All you need is to fill the bowl with 20% fresh whole foods to make a big difference! If a dog were fed 1 cup of kibble per day, you would take .20 cups (20%) out of the bowl and add any of the Kibble Boosters mentioned above. This way, you will not have to balance out the dry food with the fresh foods, and you can still get some real food into the bowl. Click here for guidance on adding Kibble Boosters.
Mixing Kibble & Raw
A common concern with mixing kibble and fresh foods are safe due to digestion rate and pH levels. Unfortunately, there is no answer as there have been limited studies on the gastric pH of kibble vs. raw-fed dogs. The few studies out there don't focus on digestion but rather on the metabolism of certain drugs. But what is known is that the gastric pH will still be acidic whether they are raw fed or not. If the pH were alkaline, it would result in malnutrition due to the inability to break down nutrients.

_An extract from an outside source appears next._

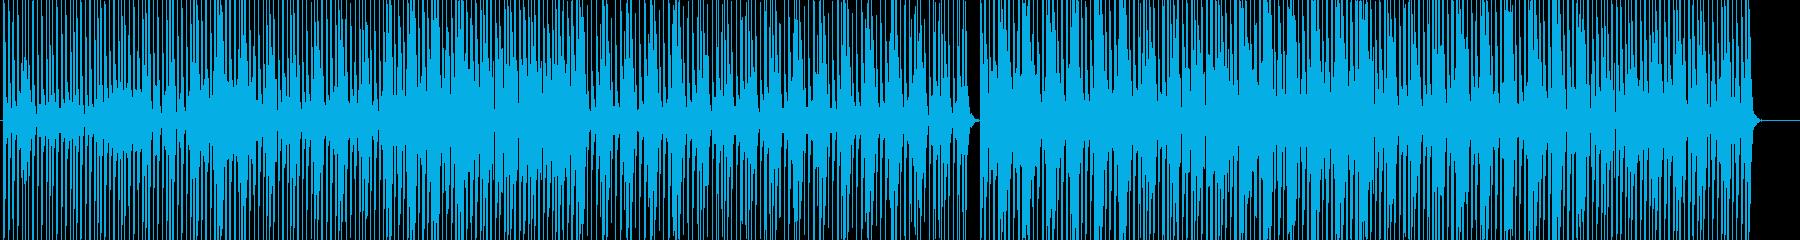 エレクトロ-カフェ-トロピカル-スイートの再生済みの波形

If a drastic pH change is needed to digest kibble vs. raw (which is not confirmed), a healthy system should absorb the nutrients just fine. The digestive process is not like a traffic jam. If they do digest at different, their system is more than capable of handling it as we know meat and edible bones break down at different rates. Fresh food is not an "all or nothing" mindset, and kibble boosters are a great way to find a middle ground.
You can take many steps to improve a dry food diet. The most crucial step is to continue researching and discovering what works best for you and your dog. Whether using a high-quality kibble, feeding 50/50 raw/kibble, or adding in kibble boosters, any amount of fresh food is better than none! I hope you learned something new today & Always Keep Exploring!